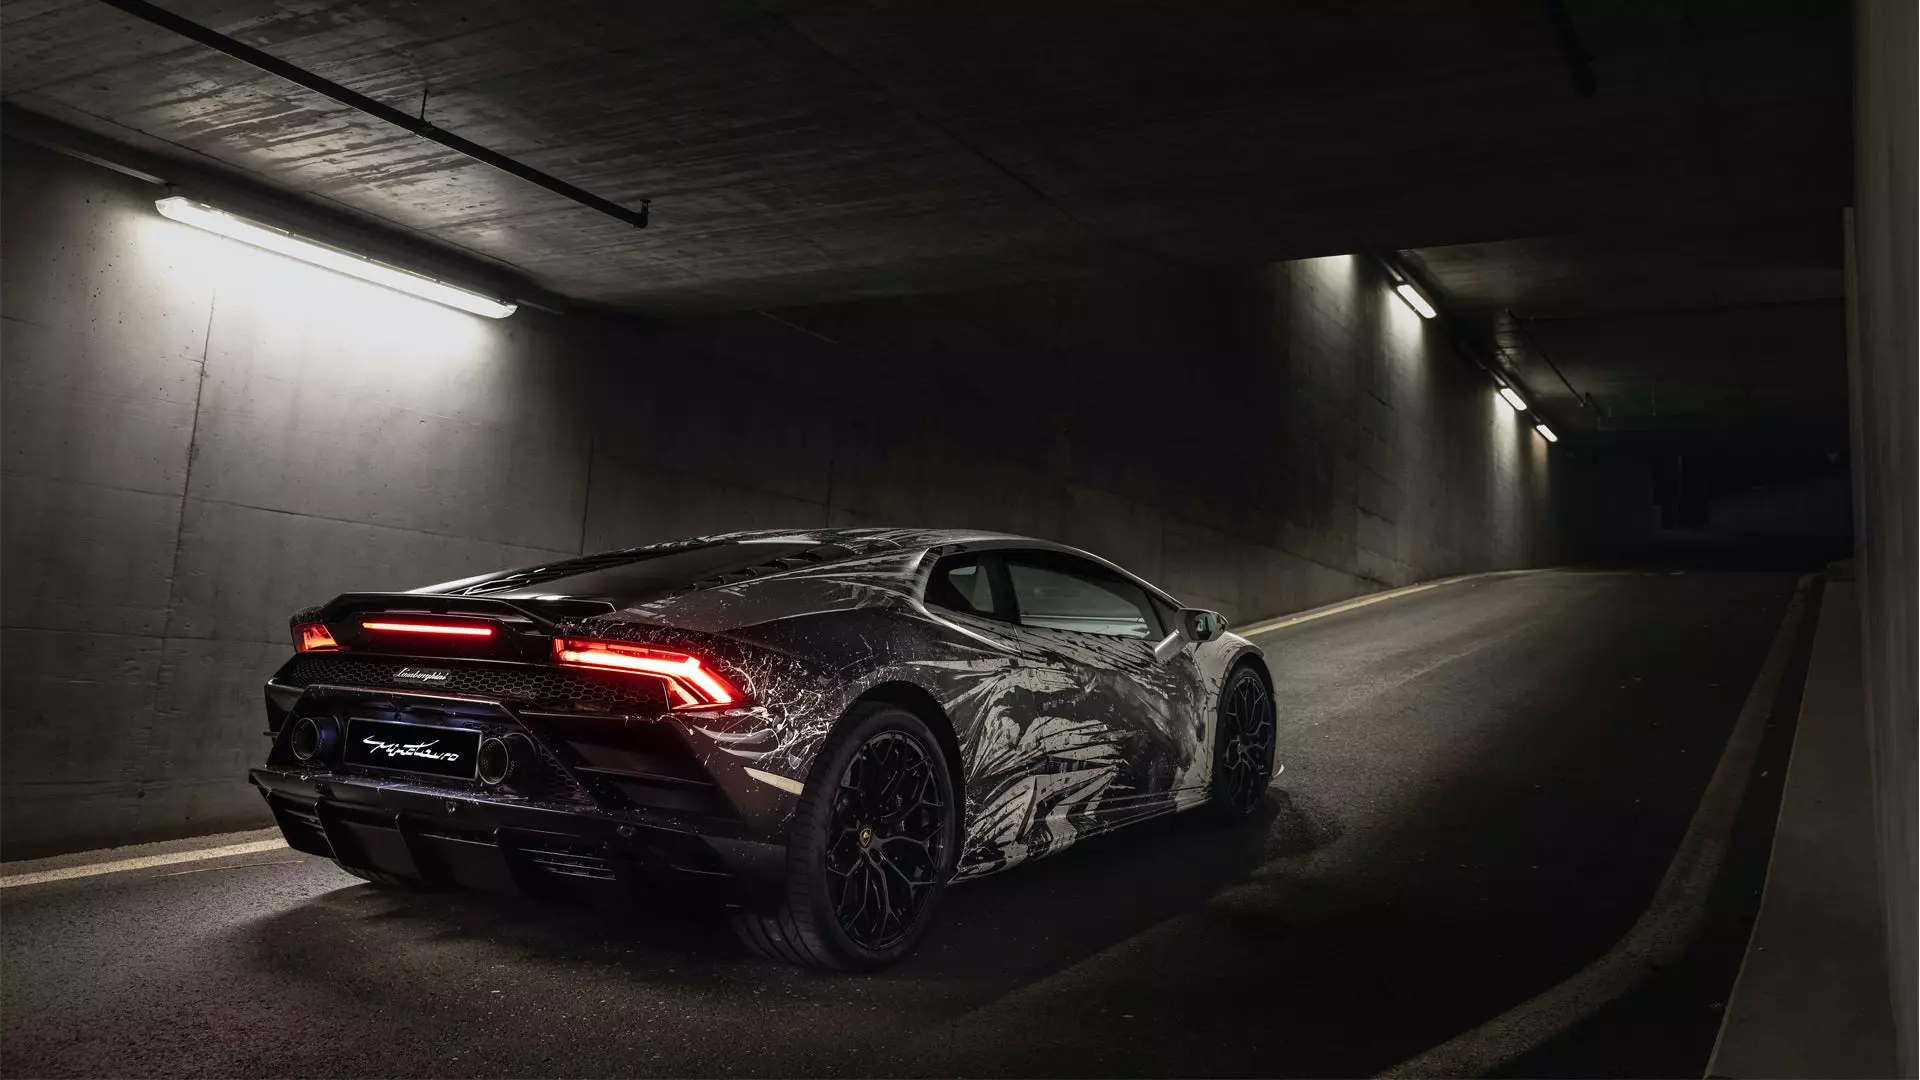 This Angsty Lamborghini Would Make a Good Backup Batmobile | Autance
-=-=-=-=-
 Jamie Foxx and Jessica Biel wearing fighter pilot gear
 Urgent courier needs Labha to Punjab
-=-=-=-=-
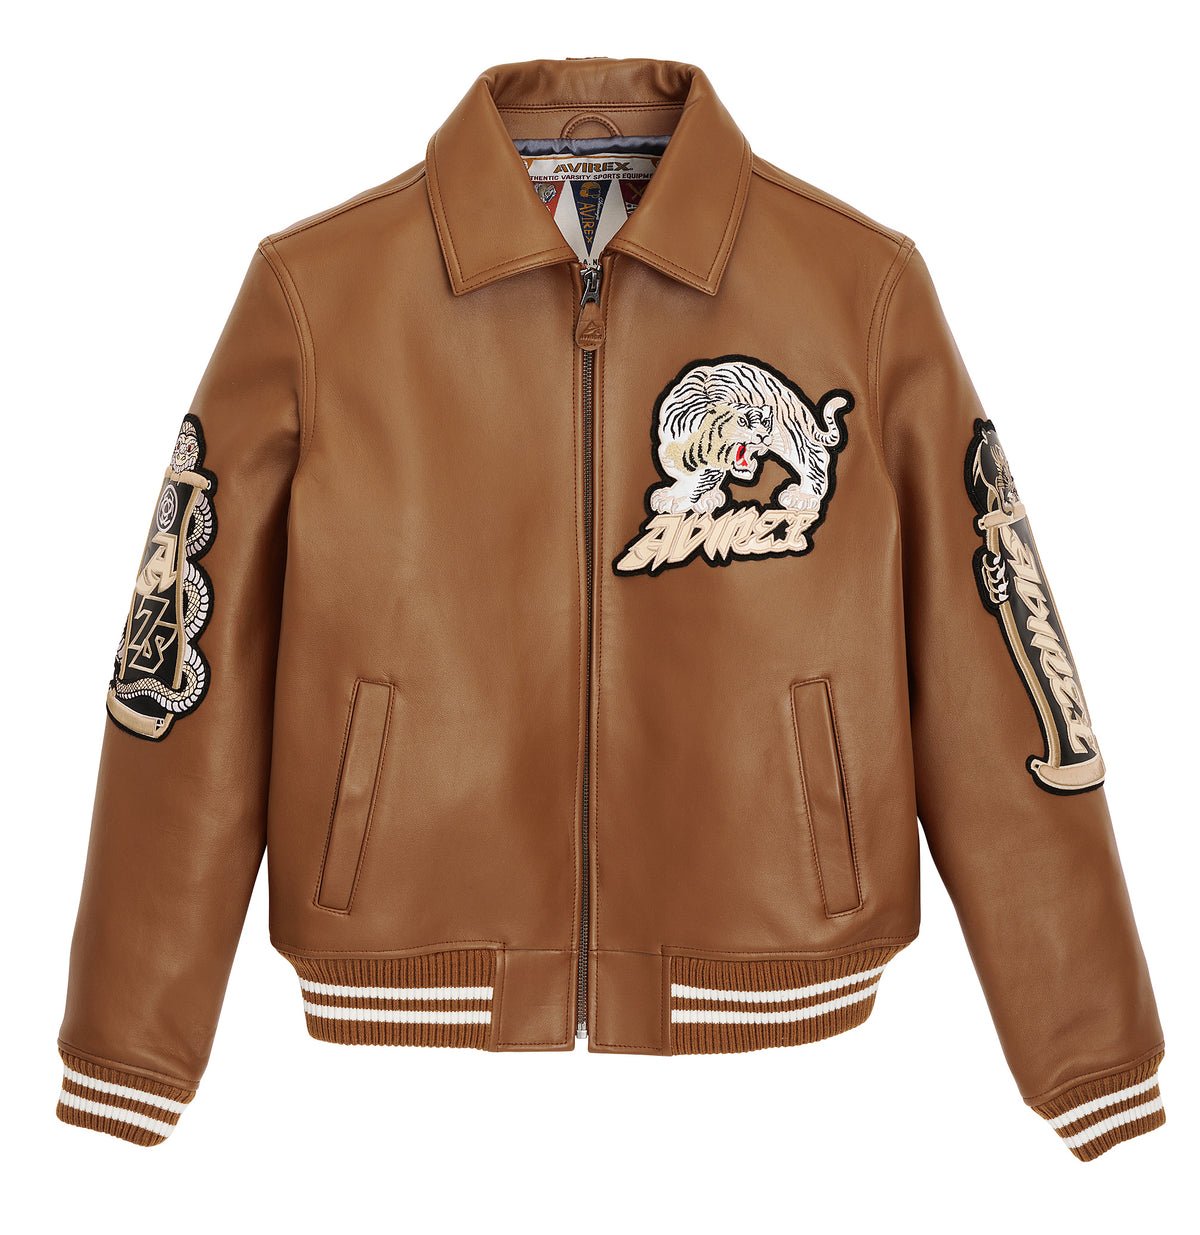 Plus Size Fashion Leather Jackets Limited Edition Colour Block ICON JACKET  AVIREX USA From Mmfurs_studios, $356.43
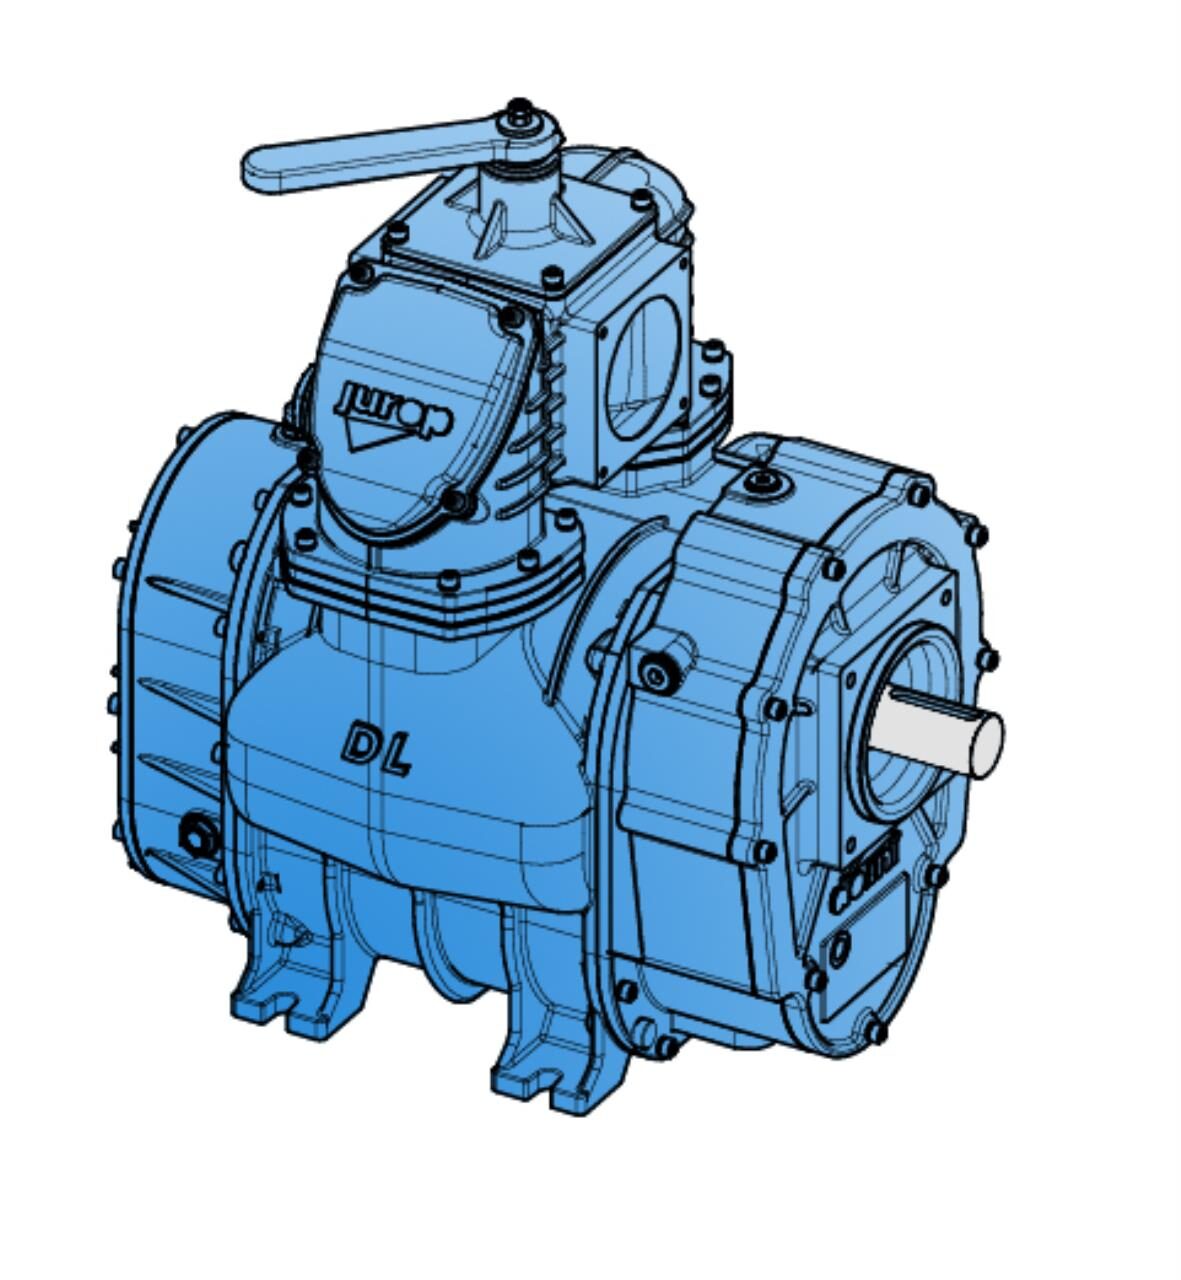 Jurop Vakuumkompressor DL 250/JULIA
-=-=-=-=-
* **WHAT TO DO**
From the line holding "Jamie Foxx and" to the line holding "Urgent courier needs Labha to Punjab", inclusive, restate each line above exactly as written.

* **RESULT OF THIS EXERCISE**
 Jamie Foxx and Jessica Biel wearing fighter pilot gear
 Urgent courier needs Labha to Punjab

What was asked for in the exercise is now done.